For age 0.5–2 years, the Bayley Scales of Infant Development-II7 are recommended. Although other scales exist (eg, Fagan test, Brazelton Scale), the Bayley Scale has the best standardisation and has been used extensively in previous exposure-outcome research. For example, it has been applied to assess the effects of lead,812 PCBs,1315 methylmercury1618 and dichlorodiphenyldichloroethylene.19 20 Although the Bayley Scale is a fairly blunt instrument that may not pick up subtle deficits associated with exposures and the items are rather diverse (ie, they do not easily lend themselves to domain-specific analysis), it is the best option available.
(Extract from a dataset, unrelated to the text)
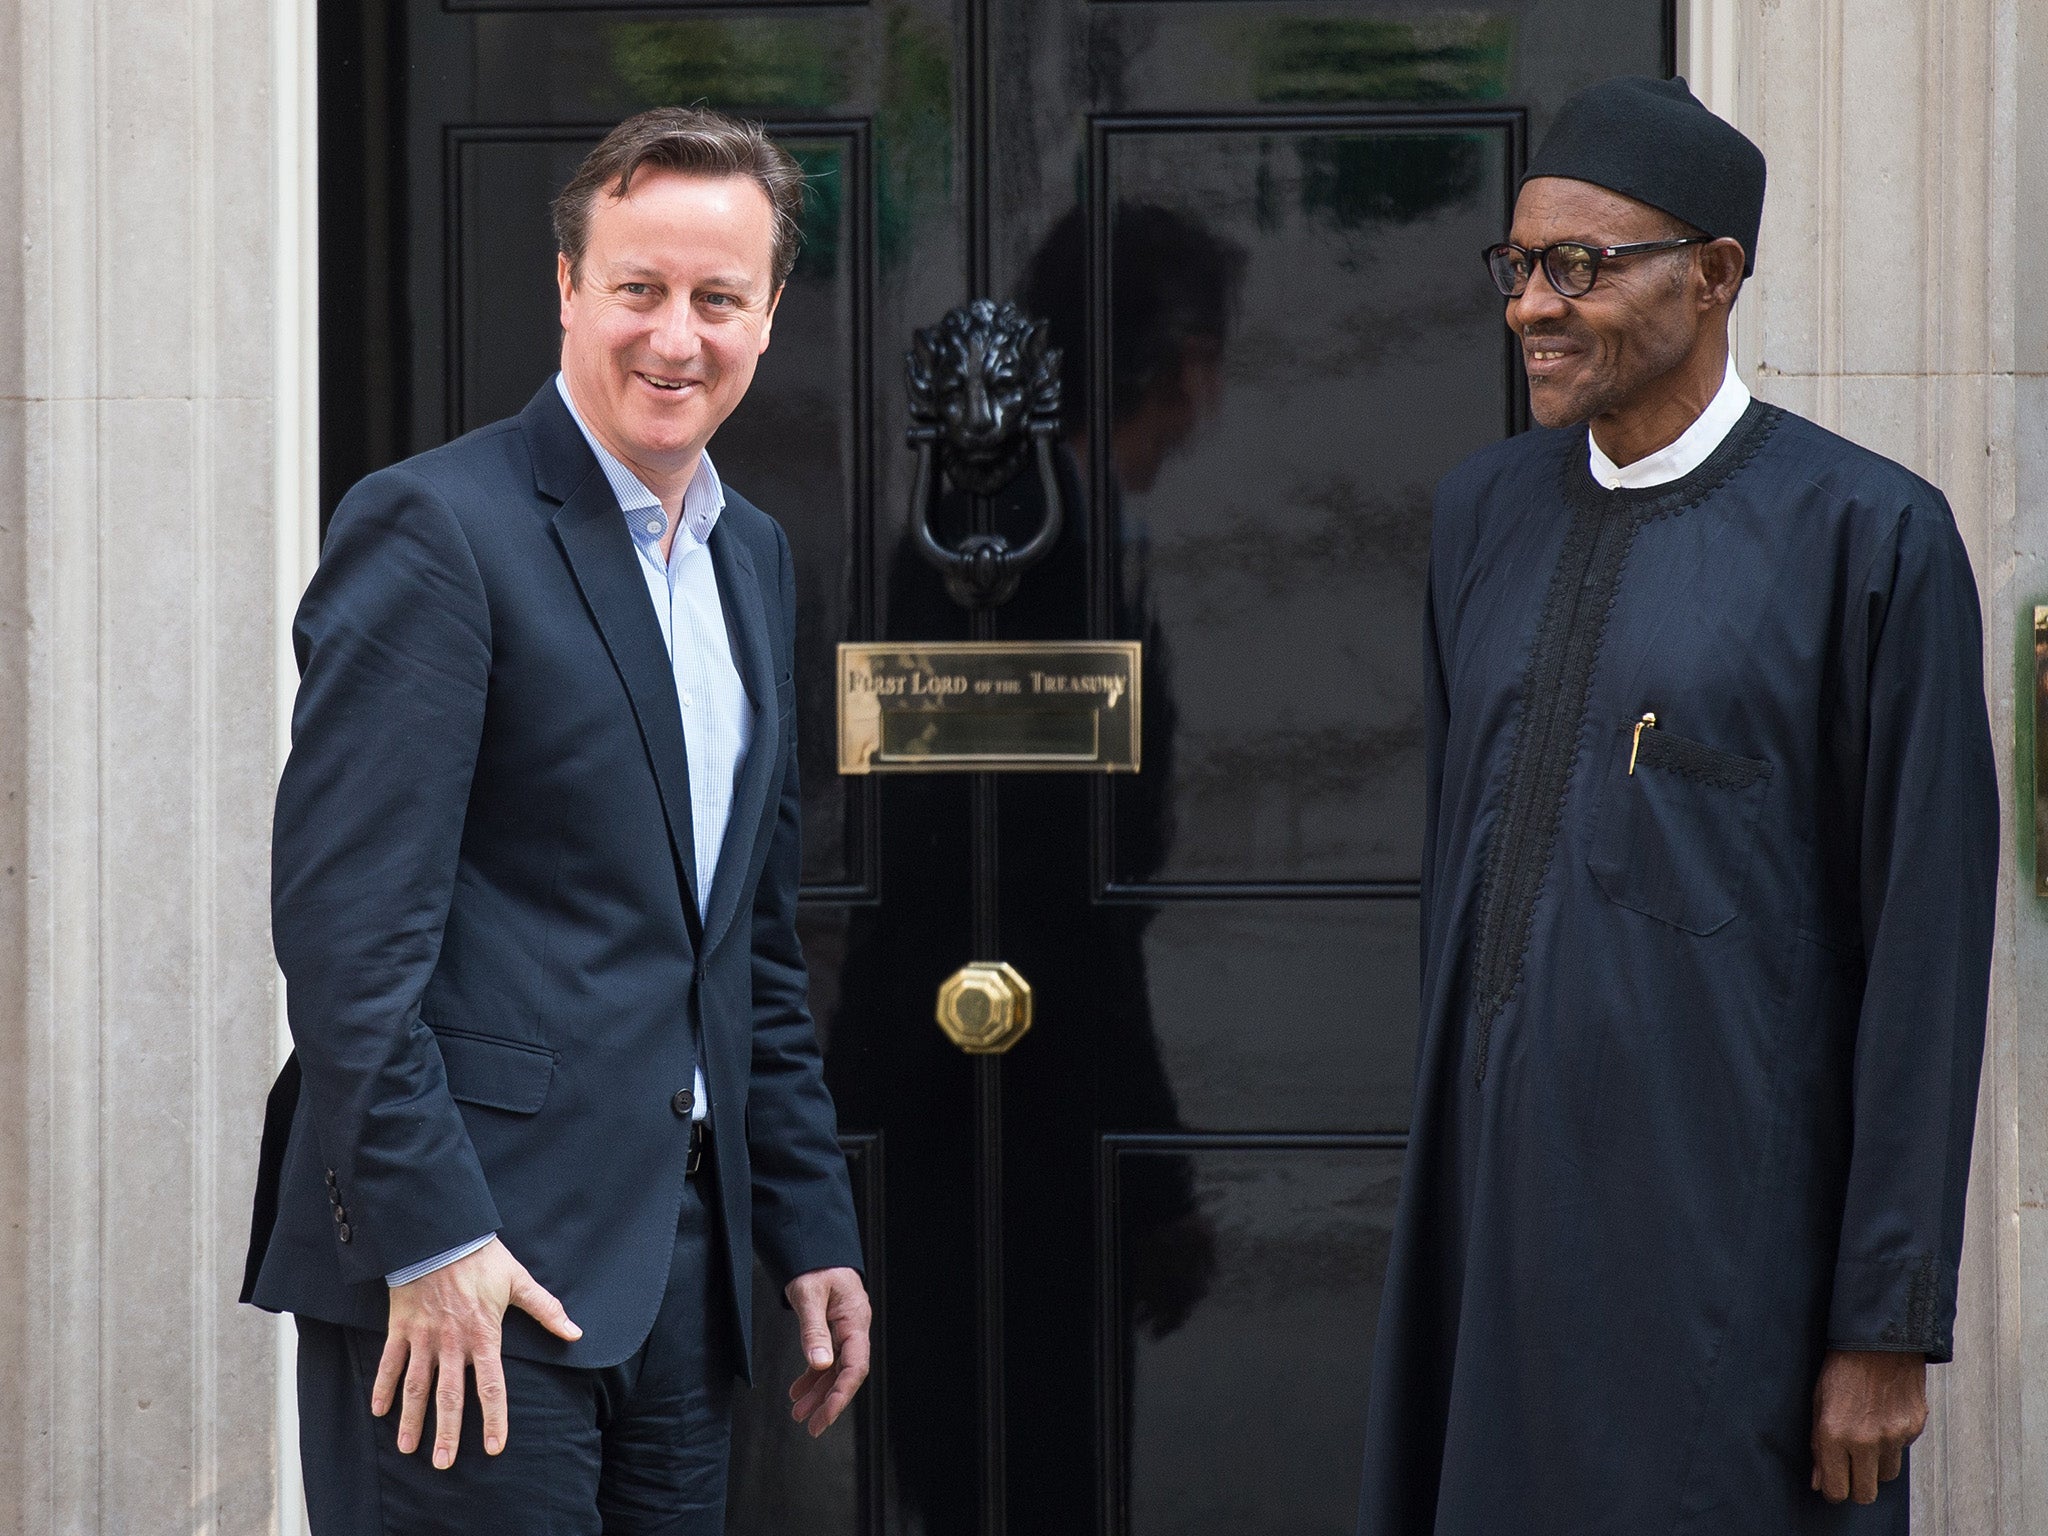 David Cameron with Muhammadu Buhari during a visit to the UK before his inauguration in 2015
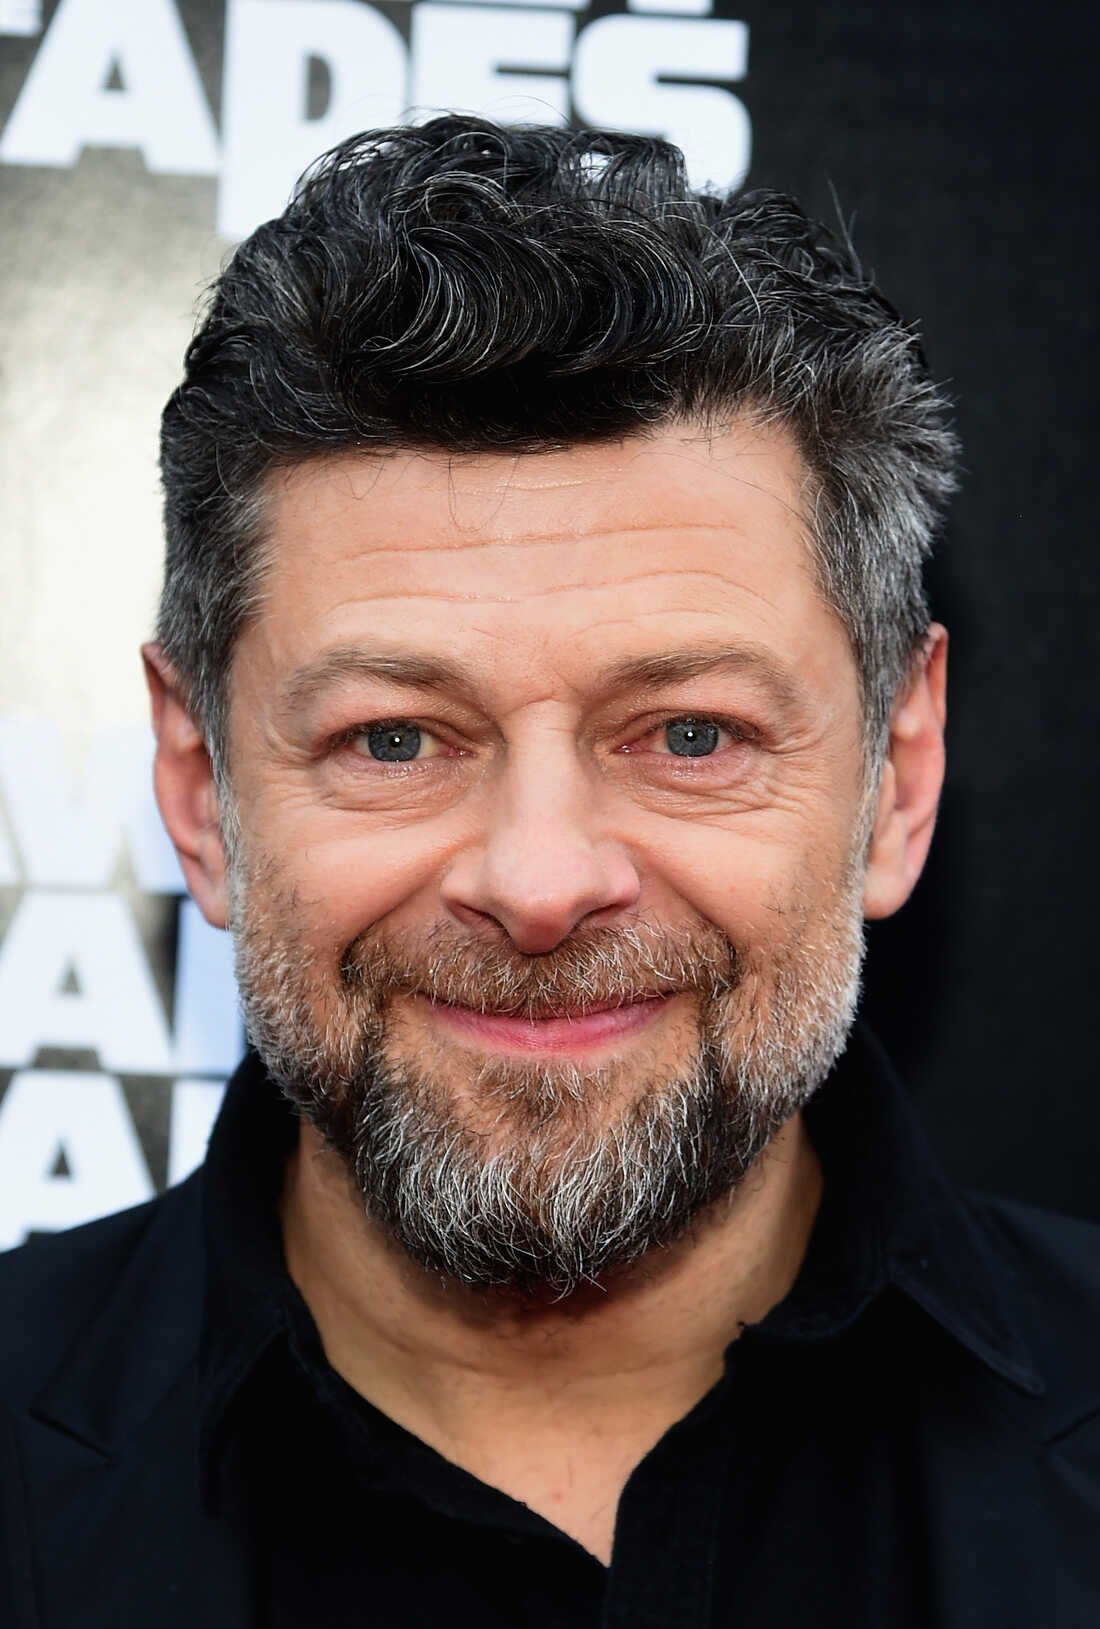 Andy Serkis explains why 'The Hobbit' is a family movie

It is recommended that this test be given to the cohort subgroups at one time point each (6 months, 1 year, 1.5 years or 2 years).

At ages 3–6 years an abbreviated version of the Wechsler Preschool and Primary Scale of Intelligence (WPPSI-III)21 (Block Designs, Matrix Reasoning and Vocabulary) is recommended. The WPPSI-III was chosen over other possibilities for several reasons. The Wechsler scales have been the most extensively applied to IQ research on this age range in the past and they dovetail nicely with Wechsler subtests available at later ages. The subtests chosen will produce an IQ score, have parallel versions available at later ages and can contribute some information to domain-specific function (although they are far from pure measures of specific domains). The major disadvantage of the Wechsler Scales is that they have somewhat abbreviated ranges, meaning that at the lowest and highest age ranges the tests can be too difficult or too simple and that persons with low IQs or those who are gifted may be “out of range” (ie, unable to meaningfully complete subtests or able to correctly complete all or virtually all items).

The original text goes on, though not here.